Abstract

Dear Editor:
It was with some sadness that I came upon the term palliative patient in the title of an article in the August 2012 edition of the journal Minor Children of Palliative Patients: A Systematic Review of Psychosocial Family Interventions. It is my personal view that the use of the term palliative patient, as opposed to palliative care patient, is an inappropriate and demeaning way to describe the people we care for by defining them solely on the basis of their life limiting disease, reductionism at its least attractive.
Writing in 1963 of her experiences at St. Joseph's in London, Cicely Saunders reported that 90% of her patients died within three months. 1 In 1967, when St. Christopher's Hospice opened, medical oncological treatment was, by today's standards, primitive. 2 The mainstay of analgesia at that time was the Bromptom Cocktail/Mixture, a variable, but undoubtedly delicious, cocktail of morphine or heroin, gin or ethyl alcohol, cocaine and chlorpromazine; the opioid as the essential analgesic ingredient was not identified by Melzak and colleagues until 1979. 3 If there has ever been a time when it was permissible to refer to palliative patients, that was it, but that time has passed.
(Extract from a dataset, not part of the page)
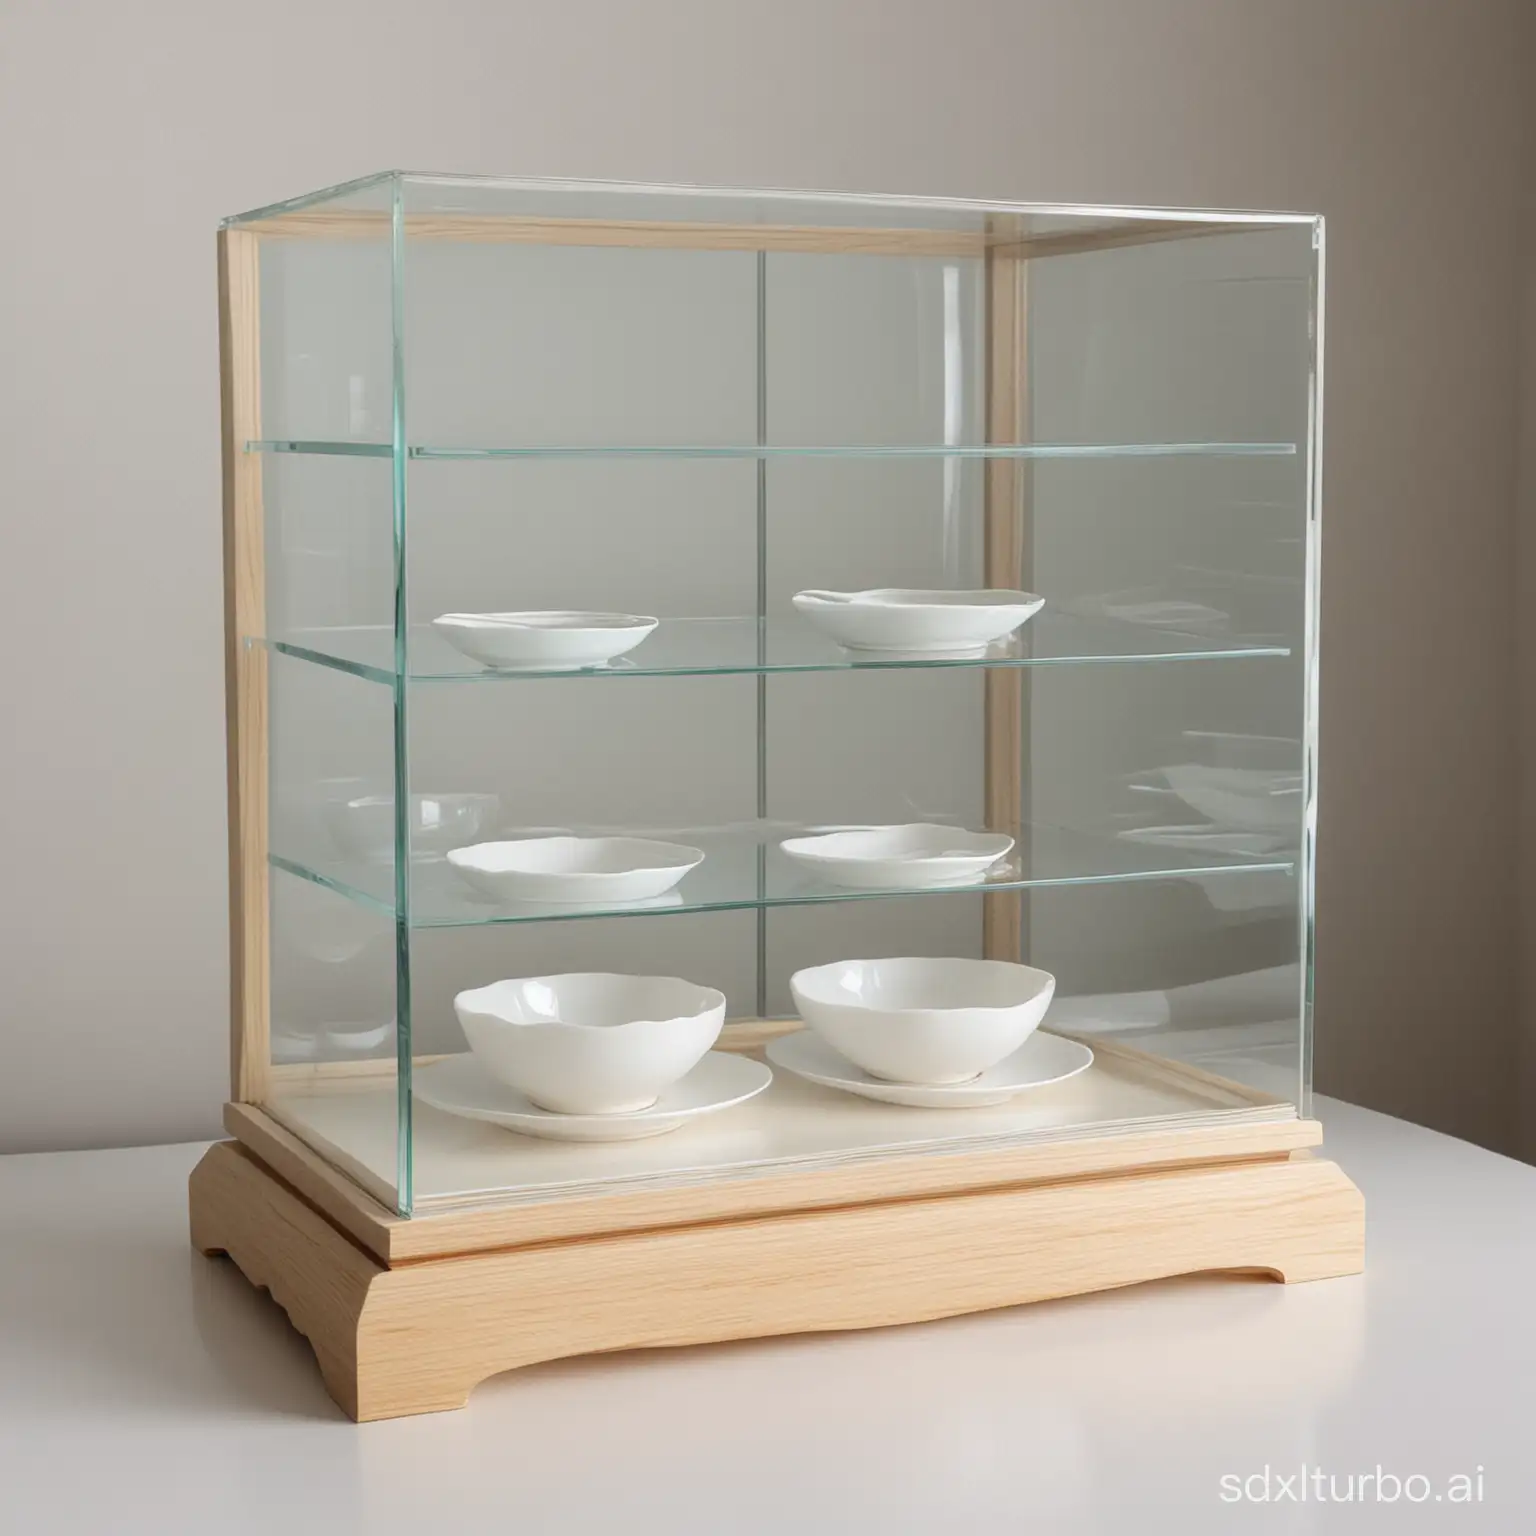 一个高大约30cm的玻璃展示柜，只有一层，不要两层，可以很长，后背是不透明的白色，玻璃柜里面展示的有一个白色的面碗，一个白色的饭碗，一个白色的盘子，，和一个白色的杯子，

Since that time, oncological treatment and disease trajectories have changed beyond recognition, with some cancers becoming chronic diseases, breast and prostate for example. Patients with cancer now live with comorbidities, which require management in their own right, heart failure or COPD; indeed, as palliative medicine expands into the field of nonmalignant disease, the border between palliative medicine and, for want of a better term, curative medicine, becomes increasingly difficult to discern.
Patients known to a palliative care service are palliative only in regard to the disease, which is considered to require intervention by the palliative care service; palliative care and curative care can and should run in parallel when required; while treatment can be palliative, patients in their wholeness cannot. Great care must be taken to ensure that acutely ill patients known to a palliative care service are not denied access to appropriate curative care; palliative care is not uncommonly misinterpreted as terminal care. Referring to people as palliative places this in jeopardy, something with which all palliative care physicians will have struggled and will have witnessed.
In 2008 Geoffrey Hanks, writing as editor-in-chief of the journal Palliative Medicine, described the term palliative patient as a “solecism” that failed to recognize the complexity of the practice of palliative medicine based on “four elements of continuing care: symptom control, rehabilitation, continuity of care and terminal care.” Furthermore, he indicated his intention to expunge the term from the journal of which he was editor-in-chief; 4 maybe it is time for the Journal of Palliative Medicine to follow suit.
The views expressed here are my own and may not reflect the views of my employing organization; although I hope that they do.